Phalloarteriography in the diagnosis of erectile impotence   总被引:1,自引:0,他引:1  
An angiographic method has been developed for x-ray visualization of the arteries supplying the cavernous bodies of the penis, namely, the internal iliac, internal pudendal, and penile artery and its branches (dorsal, deep, and bulbocavernous arteries). Under normal conditions the technique makes pulsations in both dorsal penile arteries palpable, and the flow rate of fluid into the cavernous bodies necessary to produce and maintain erection can be determined. The principle of the method involves artificial passive erection or semierection, during which we perform selective or semiselective arteriography of the bed supplied by the internal iliac artery, or retrograde arteriography by puncture of the dorsal artery of the penis. Thirty males complaining of more than 1 year of impotence (including 12 diabetics) were investigated, 29 by our standard technique and 1 by translumbar pelvic arteriography with retrograde arteriography of the dorsal penile artery. All patients showed severe stenosis or obliteration of the vessels supplying the cavernous bodies. There was agreement between absence of pulsation in the dorsal penile arteries and the angiographic findings. Flow rates necessary to produce erection varied from 45 to 160 ml/min, with a mean of 90 ml/min. For controls, angiographic studies were performed in 4 men with clearly psychogenic impotence, all of whom were found to have normal-appearing arteries supplying the cavernous bodies. On the basis of these findings and previously reported histological investigations, we believe that most impotence is the symptomatic and functional result of arterial disease. The arteriographic technique described allows a precise anatomical diagnosis to be made, and can indicate surgical and microsurgical correction.

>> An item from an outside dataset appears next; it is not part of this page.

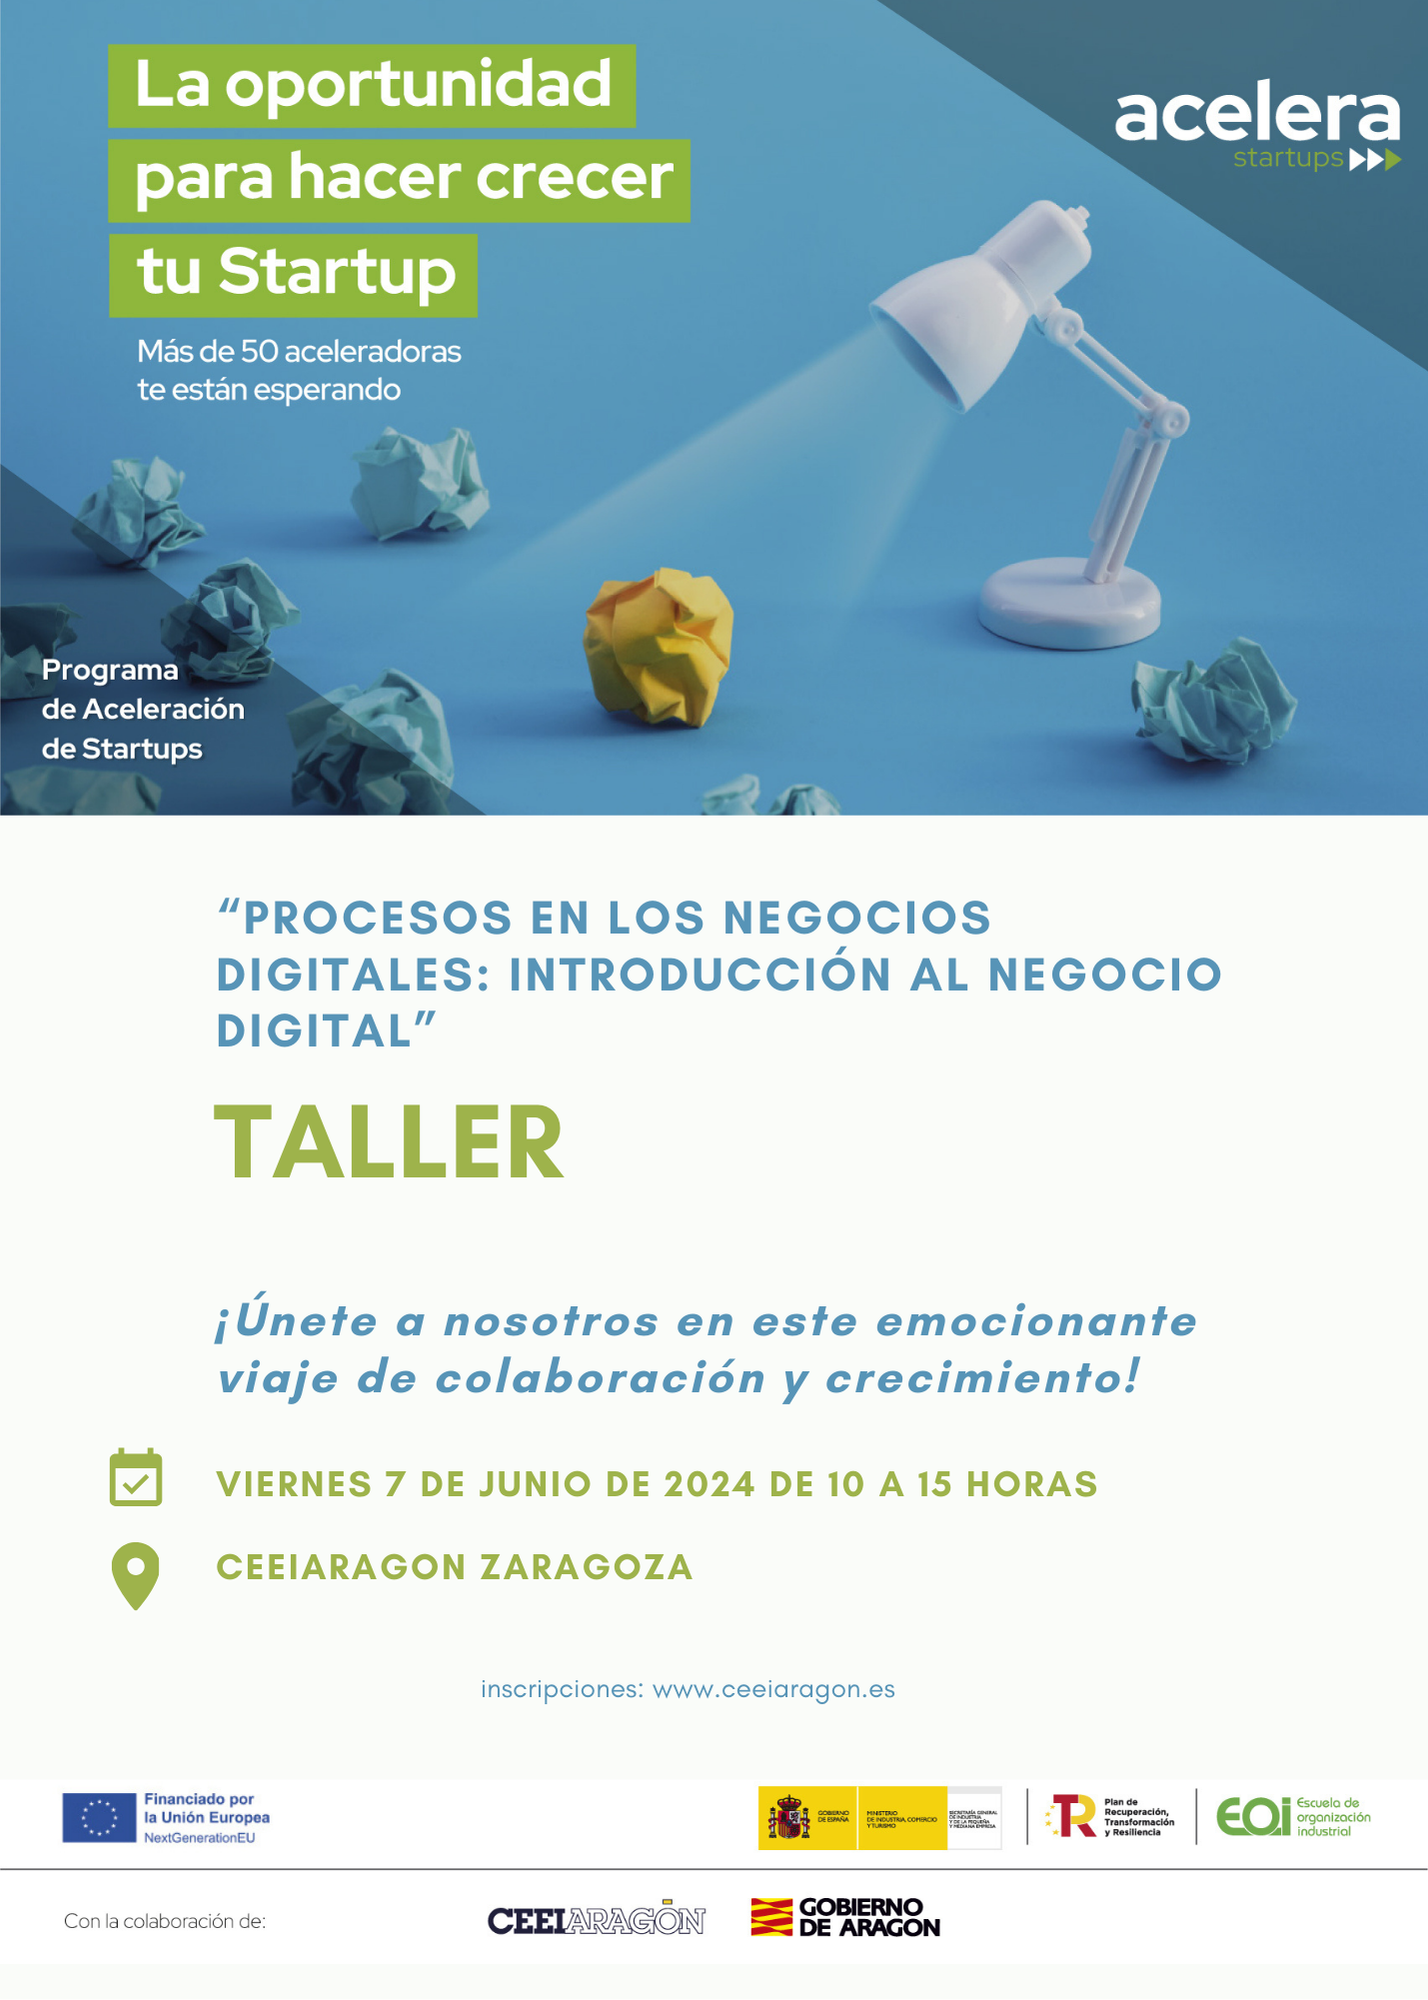 Acelera Startups Program Workshop “Digital business processes: introduction to digital business”

Résumé Nous avons mis au point une technique d'angiographic qui visualise la vascularisatioh artérielle des corps caverneux, soit les artères iliaques internes, honteuses internes, péniennes et leurs branches dorsales, profondes et bulbocaverneuses. Dans les conditions normales, la technique permet de palper le pouls dans les artères dorsales de la verge et de mesurer, dans les corps caverneux, le débit nécessaire pour produire et maintenir une érection. Le principe de la méthode repose sur une érection ou semi-érection artificielle passive associée, soit à une artériographie sélective ou semi-sélective du territoire de l'iliaque interne, soit à une artériographie rétrograde par ponction de l'artère dorsale de la verge.Trente hommes (dont 12 diabétiques) ont été étudiés: ils présentaient tous une impuissance depuis plus d'un an. L'investigation a été faite, dans 29 cas avec notre technique standard, dans un cas par aortographie translombaire et arteriographie rétrograde de l'artère dorsale de la verge. Il existait dans tous les cas des sténoses serrées ou des oblitérations de l'arbre artériel allant aux corps caverneux. Les lésions mises en évidence par l'artériographie concordaient avec l'absence de pulsations dans les artères dorsales de la verge. Les débits nécessaires pour produire l'érection ont varié entre 45 et 160 ml/min, avec une moyenne de 90 ml/min. A titre de contrôle, des artériographies ont été faites chez 4 hommes atteints d'impuissance manifestement psychogène: chez tous, l'irrigation artérielle des corps caverneux était normale.Ces résultats, et des études histologiques antérieures, nous amènent à penser que, dans la plupart des cas, l'impuissance est la manifestation symptomatique et fonctionnelle d'une maladie artérielle. La technique d'angiographic que nous avons décrite donne un diagnostic anatomique précis et permet de poser les indications de la chirurgie ou de la microchirurgie correctrice.